In this episode, Marty Makary, Johns Hopkins surgeon and NYT bestselling author, discusses his new book, The Price We Pay, and his ambitious attempt to fix the broken U.S. healthcare system through educating the public, changing the lexicon, encouraging radical transparency in pricing, and more. We go in detail into the main drivers of inflated health care costs, the money games being played making it hard to understand, and the unfortunate system structure that has resulted in one in five Americans finding themselves in medical debt collections which can ruin the lives of people and families seeking basic medical care. Marty also shares some very practical advice and tips if you find yourself a victim of predatory pricing and stuck with an outrageous medical bill. In the end, despite the current state of the system, Marty discusses the many exciting trends gaining traction in healthcare and why he is very optimistic and hopeful about the future. 

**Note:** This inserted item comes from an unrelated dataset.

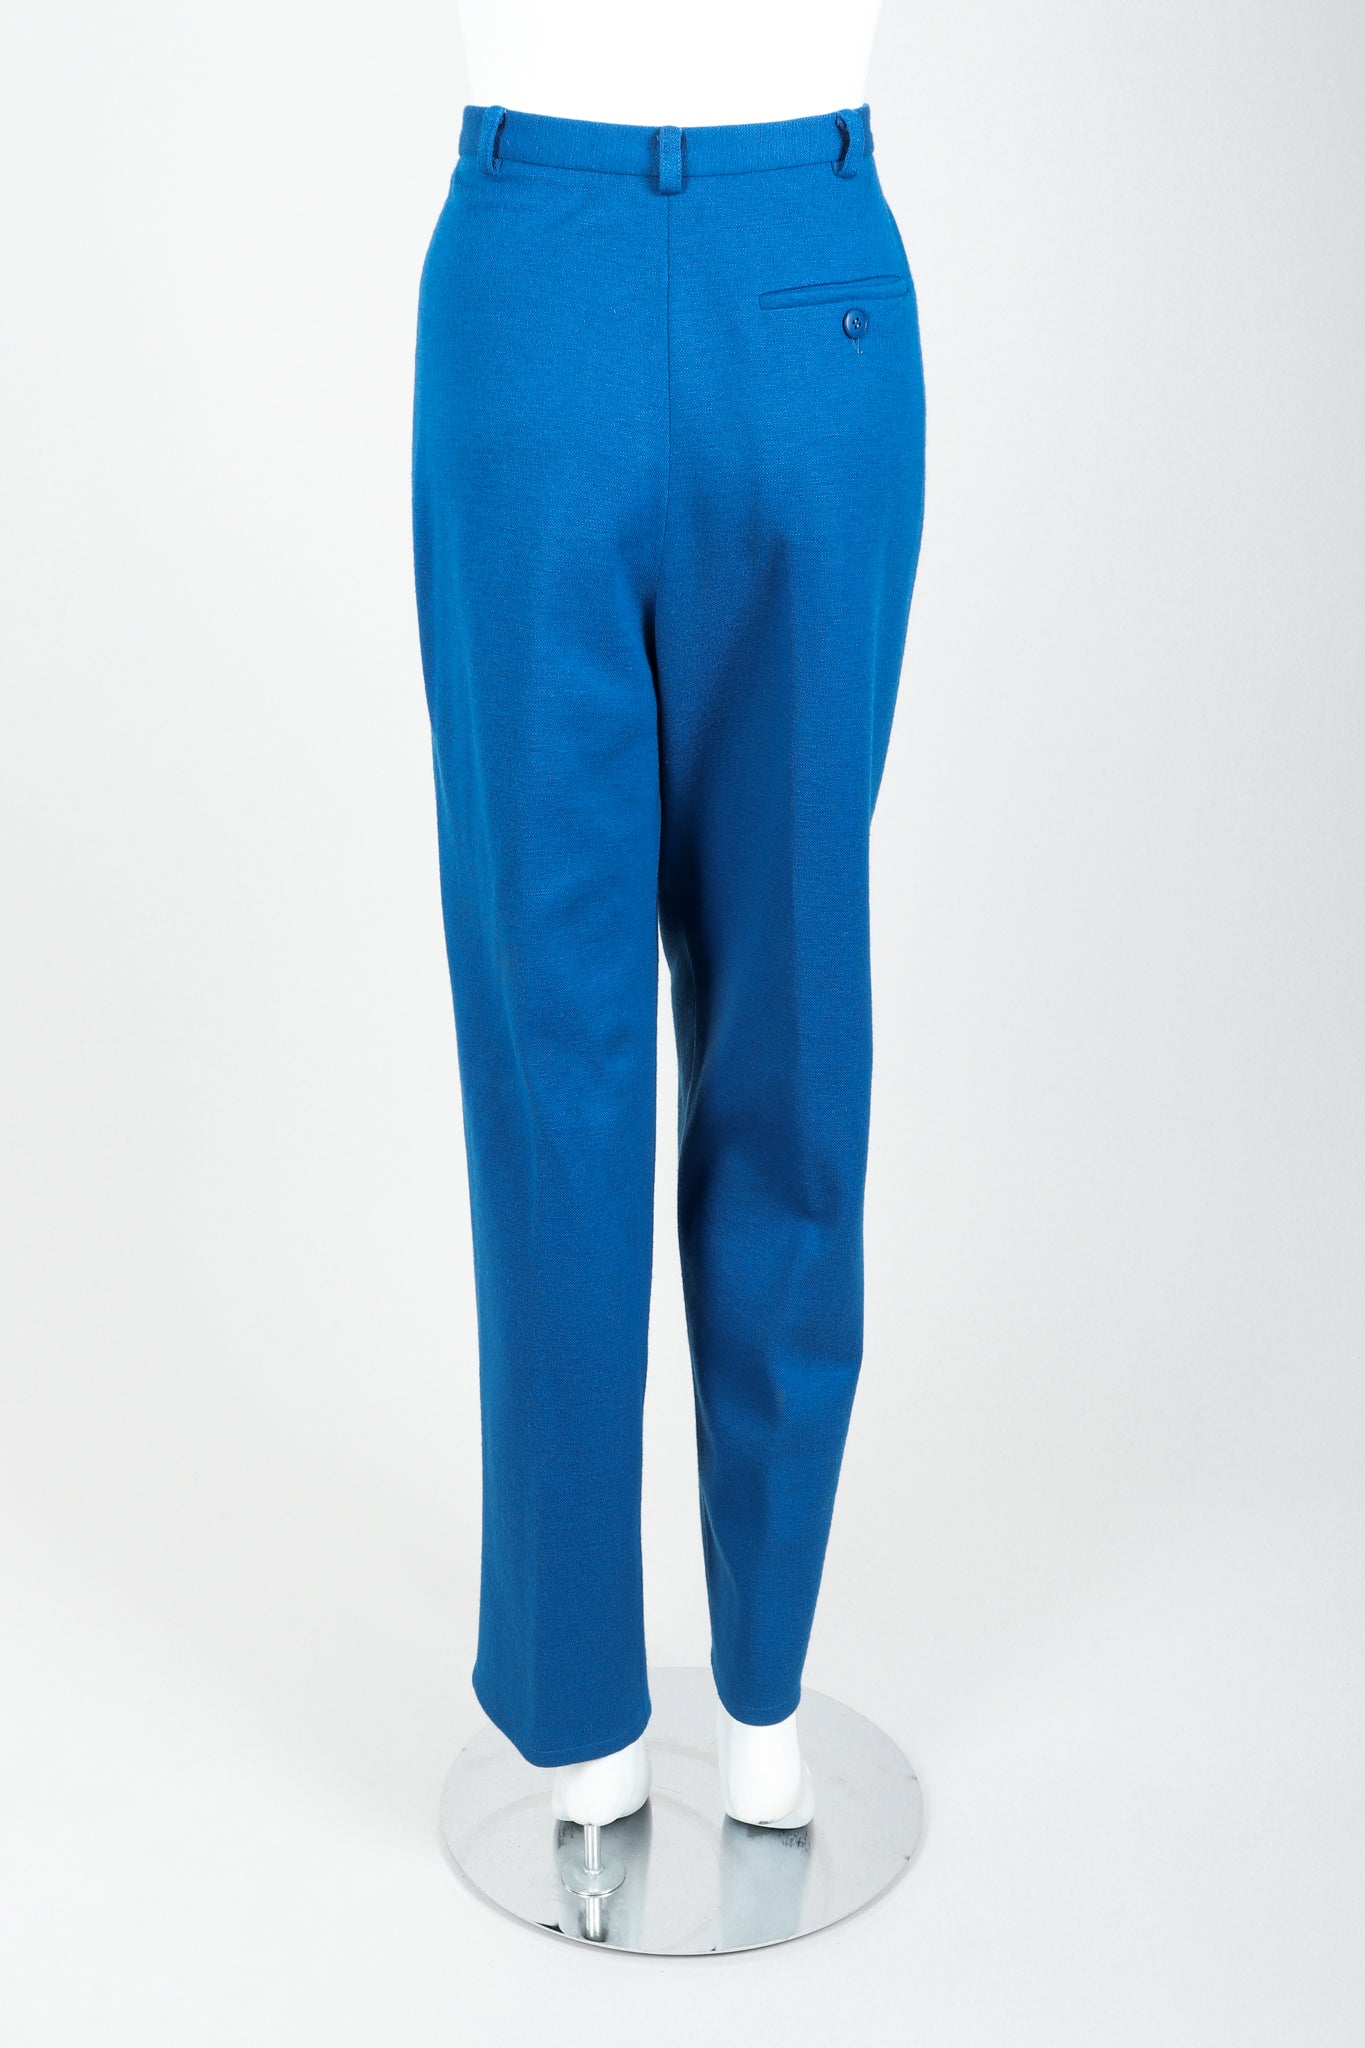 Vintage Sonia Rykiel Blue Knit Pleated Pant Set on Mannequin back at Recess

*This episode of The Drive centers around the content of Marty’s new book, The Price We Pay, which is set to release September 10, 2019. If you’d like to dive deeper into this topic, Marty’s new book will be a great resource.*


We discuss:

  • The science of delivering healthcare, how we need to do better as a system, and why no single person or entity fully to blame [10:15];
  • The stories that prompted Marty to write his first book (Unaccountable) [19:15];
  • The Surgery Checklist [26:15];
  • The problem is with the system (not any one person or entity) and the misaligned interests of all the parties involved [28:15];
  • Patients crave honesty and transparency, and the story of Peter’s back surgery gone wrong [33:00];
  • Today’s med students and young doctors have less tolerance for predatory pricing and healthcare industry BS [44:30]; 
  • Funny stories about John Cameron (legendary surgeon at Johns Hopkins) [48:00];
  • How doctors are trained to internalize traumatic experiences which can result in a misunderstood form of “burnout” [57:40];
  • The beat down of med students with traditional medical education and some exciting innovations to medical education [1:07:00];
  • Exciting trends in healthcare and an optimistic view of the future [1:11:30];
  • The Price We Pay (Marty’s new book), an attempt to illuminate the blackbox that is the US healthcare system [1:21:00];
  • Why it’s not always in the best interest of the insurance company to negotiate the best price [1:28:30];
  • Who is actually paying for medical costs, and Marty’s frustration with the healthcare lexicon [1:32:00];
  • Pros and cons of a single payer system [1:37:00];
  • How to fight outrageous medical bills and predatory pricing (and make a dent in the wasteful healthcare spending for the country) [1:49:30];
  • Disrupting the healthcare industry with private healthcare facilities with market demanded transparency [2:05:45];
  • The people hurt the worst by the current US healthcare system, the sad breast cancer statistic, and the importance of knowing that medical bills are negotiable [2:09:30];
  • The healthcare industry bubble [2:14:00];
  • Increased costs from unnecessary tests and procedures [2:16:30];
  • Malpractice concerns due to the litigious culture in America: What influence does it have on unnecessary testing, healthcare costs,  and overall quality of treatment [2:22:00];
  • Drug pricing, price gouging, middle-men money games, kickbacks, and other drivers of healthcare costs [2:27:45];
  • How can we possibly fix the healthcare system? [2:34:30];
  • Helpful resources [2:46:15]; and
  • More.


The science of delivering healthcare, how we need to do better as a system, and why no single person or entity fully to blame [10:15]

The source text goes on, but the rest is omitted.